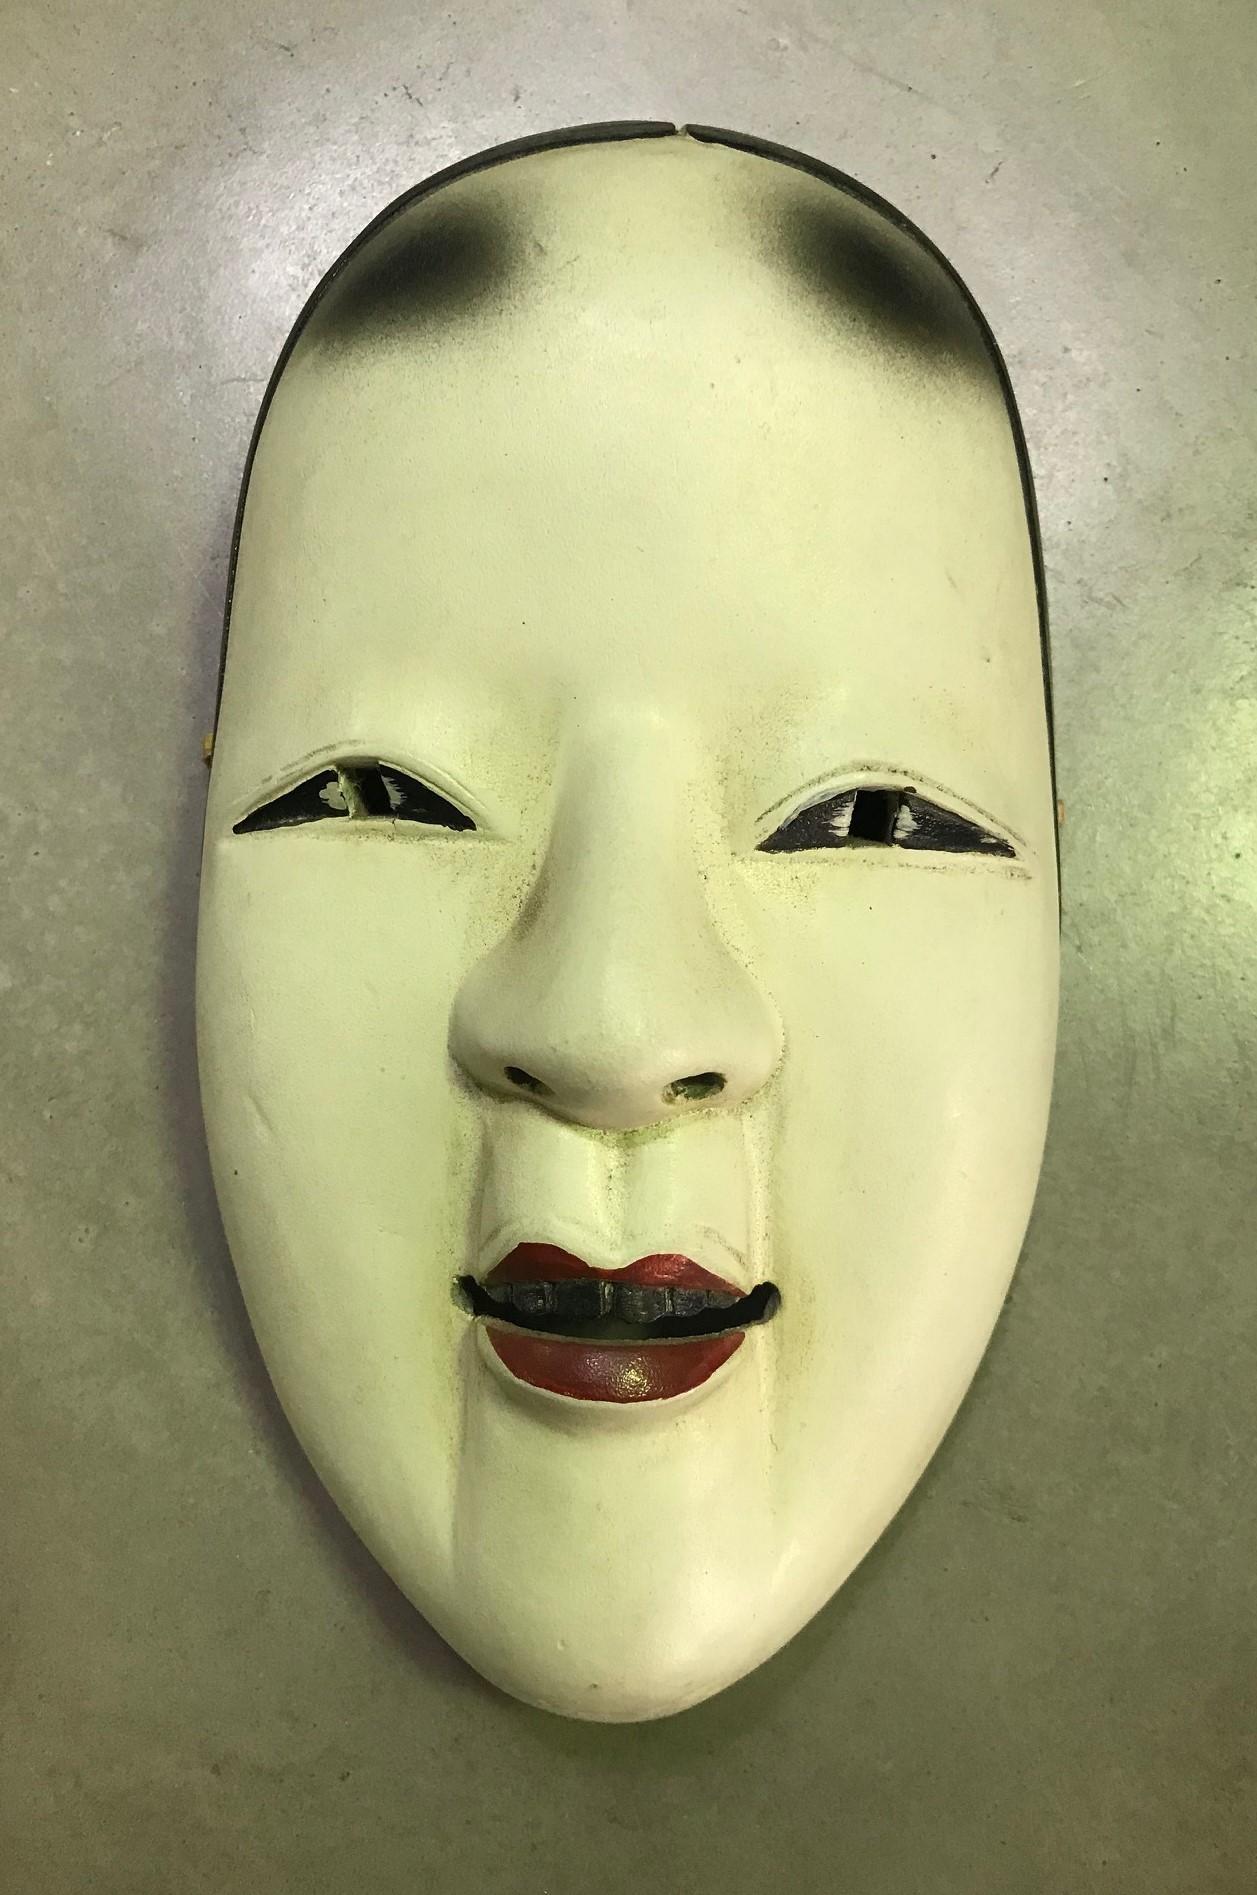 Un masque magnifique, merveilleusement réalisé, séduisant, conçu pour le théâtre nô japonais.

Ce masque est fabriqué à la main et sculpté dans du bois naturel.

Ko-omote se traduit par 
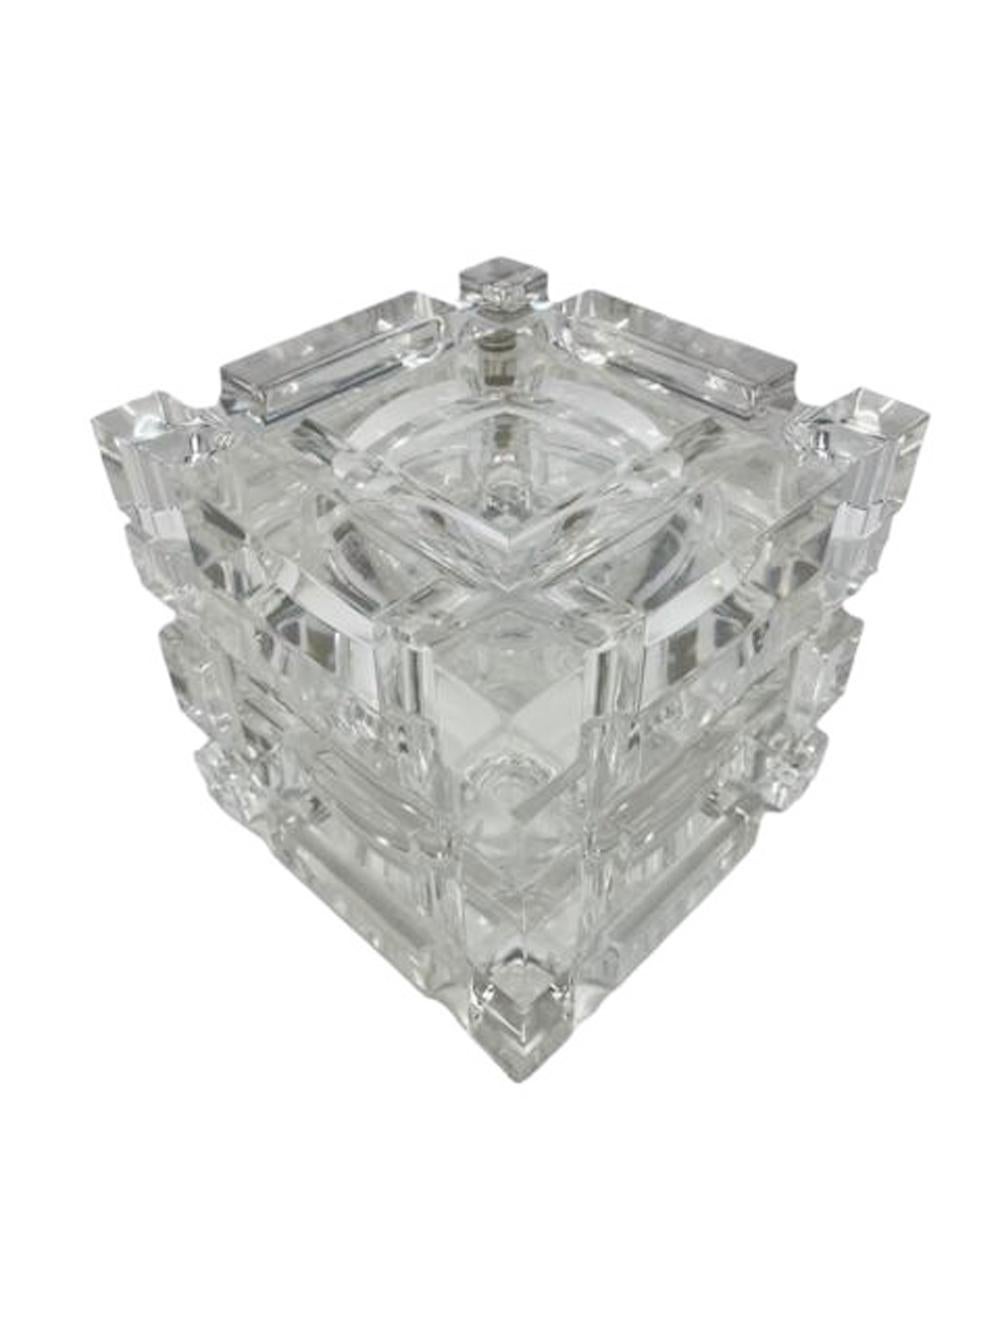 Seau à glace en forme de cube datant du milieu du siècle dernier, attribué au designer Alessandro Albrizzi, avec un espace intérieur sphérique fermé par un couvercle pivotant et fini à l'extérieur par une grille de canaux demi-ronds.  
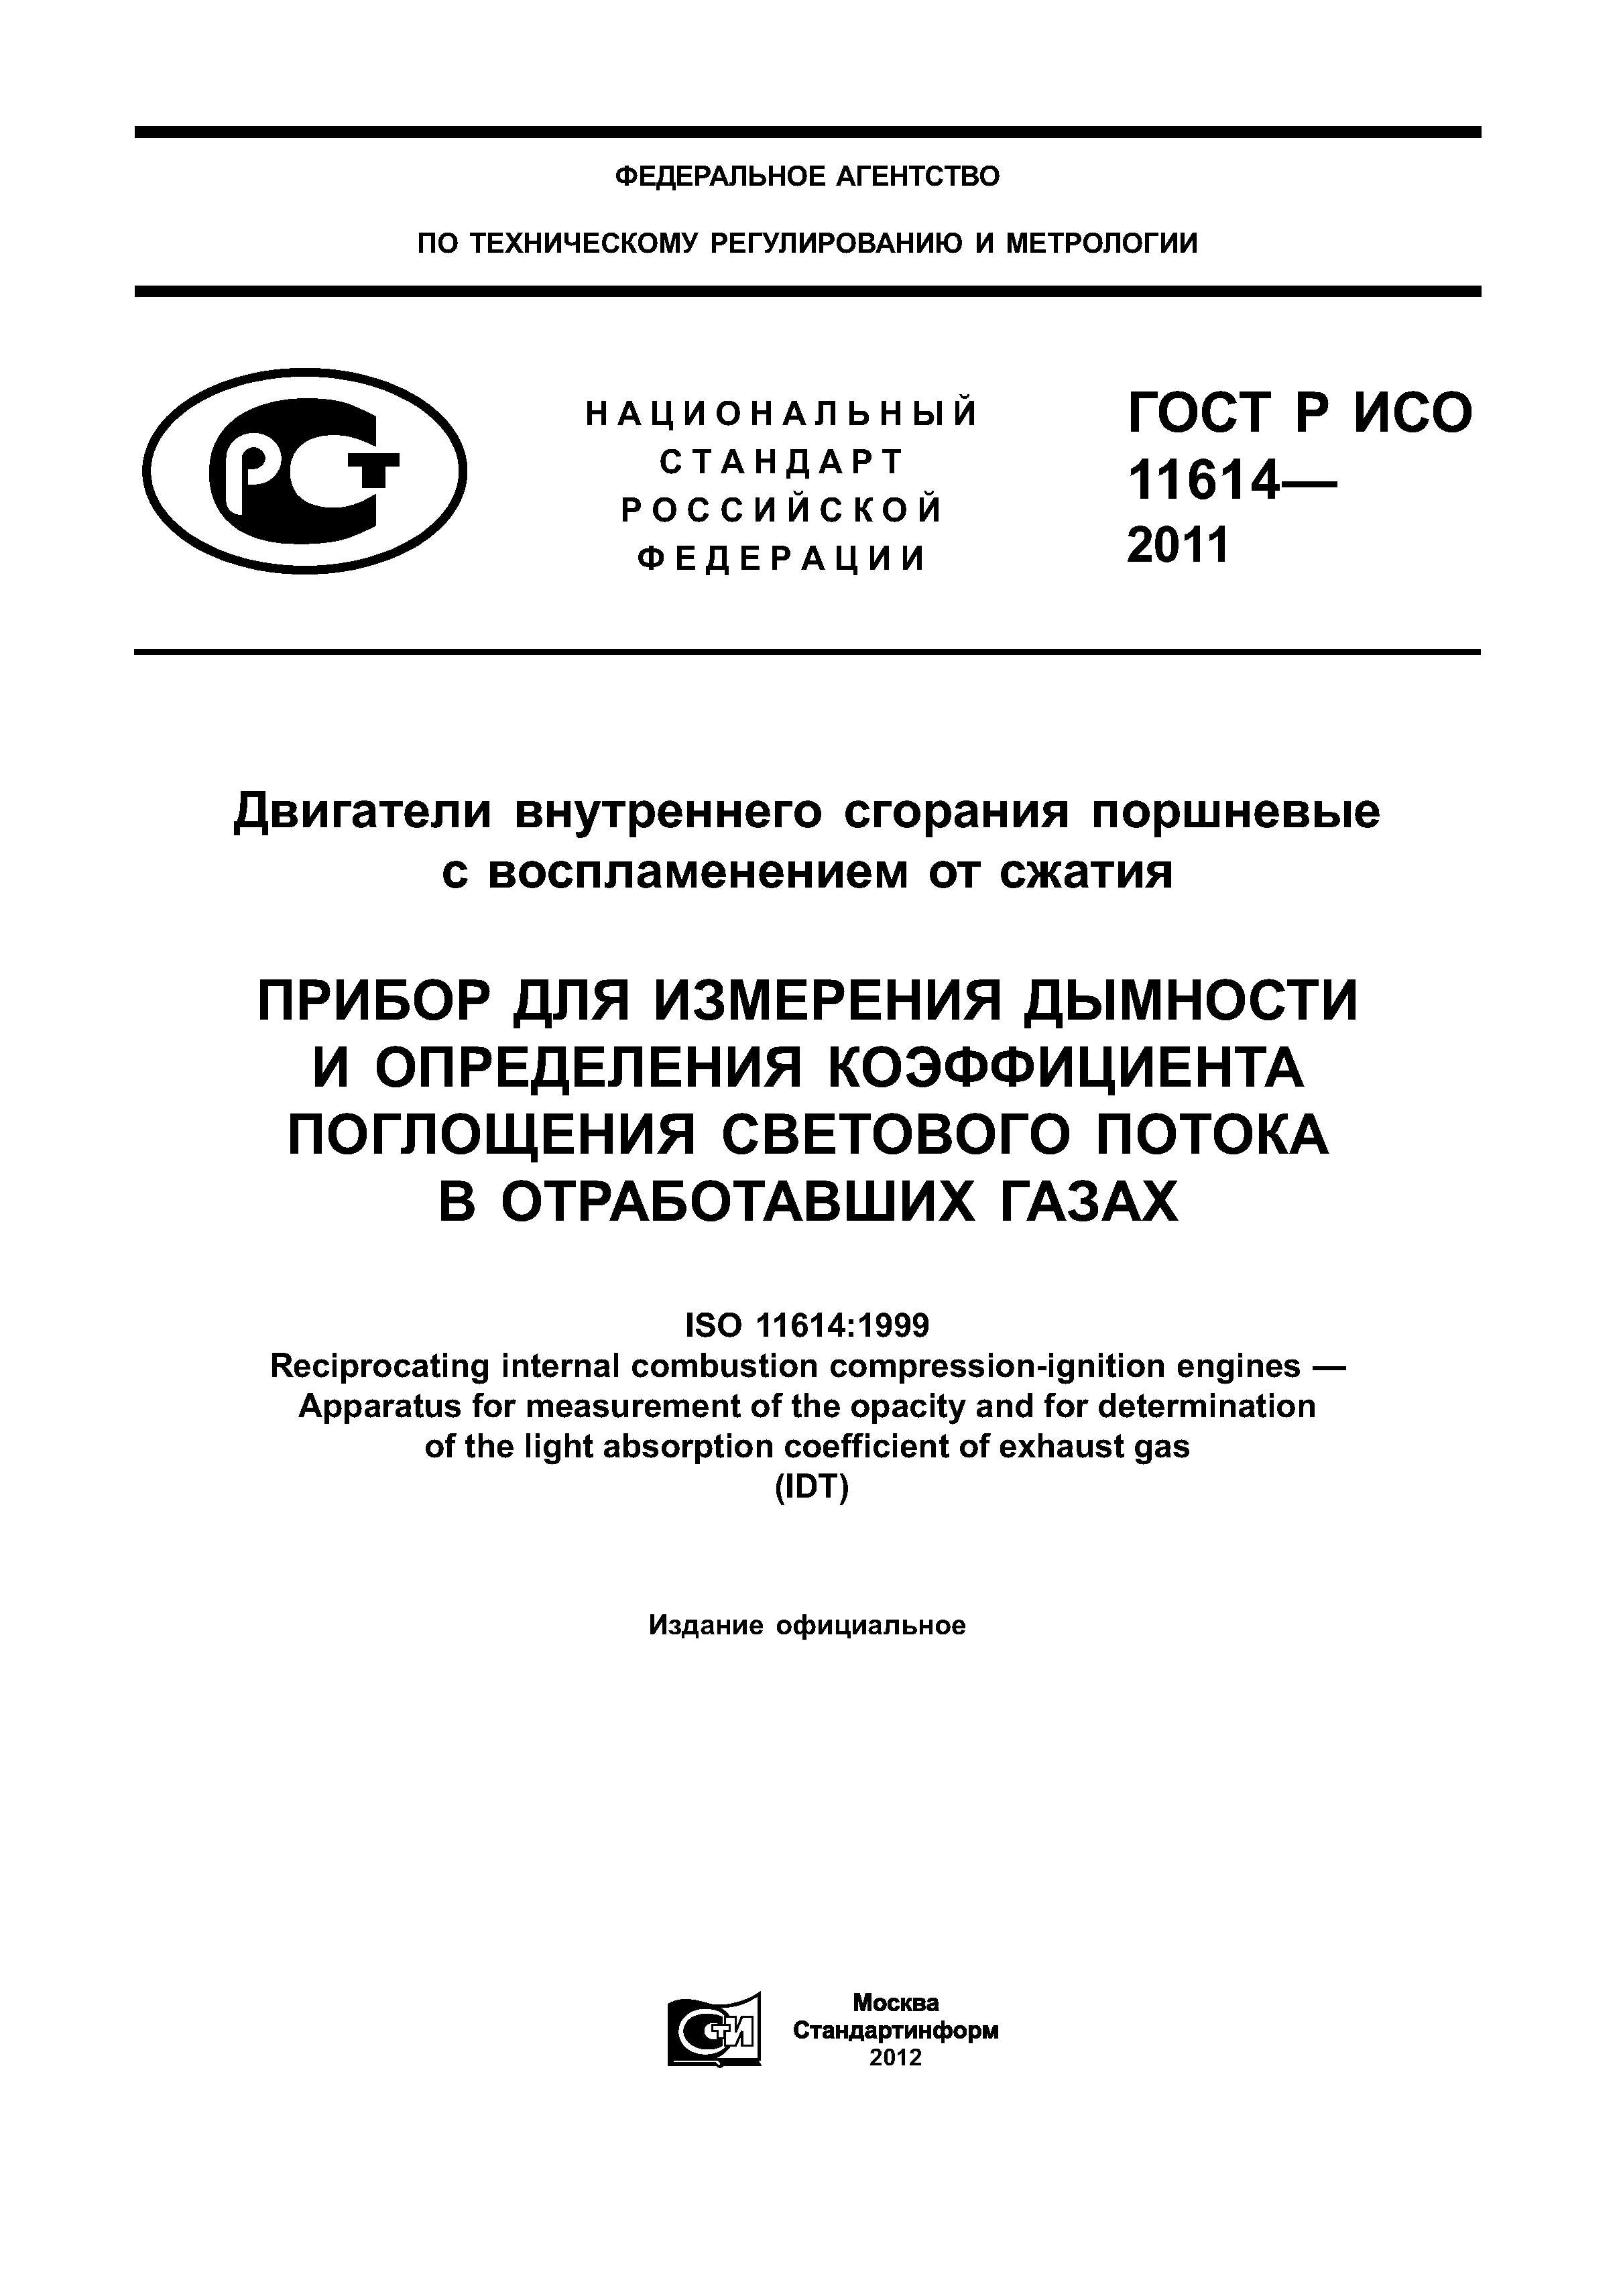 ГОСТ Р ИСО 11614-2011

**Your assignment**
Reprint the listing above exactly, without images.

**Answer for this exercise**
 Un masque magnifique, merveilleusement réalisé, séduisant, conçu pour le théâtre nô japonais.

Ce masque est fabriqué à la main et sculpté dans du bois naturel.

Ko-omote se traduit par 
 Seau à glace en forme de cube datant du milieu du siècle dernier, attribué au designer Alessandro Albrizzi, avec un espace intérieur sphérique fermé par un couvercle pivotant et fini à l'extérieur par une grille de canaux demi-ronds.  
 ГОСТ Р ИСО 11614-2011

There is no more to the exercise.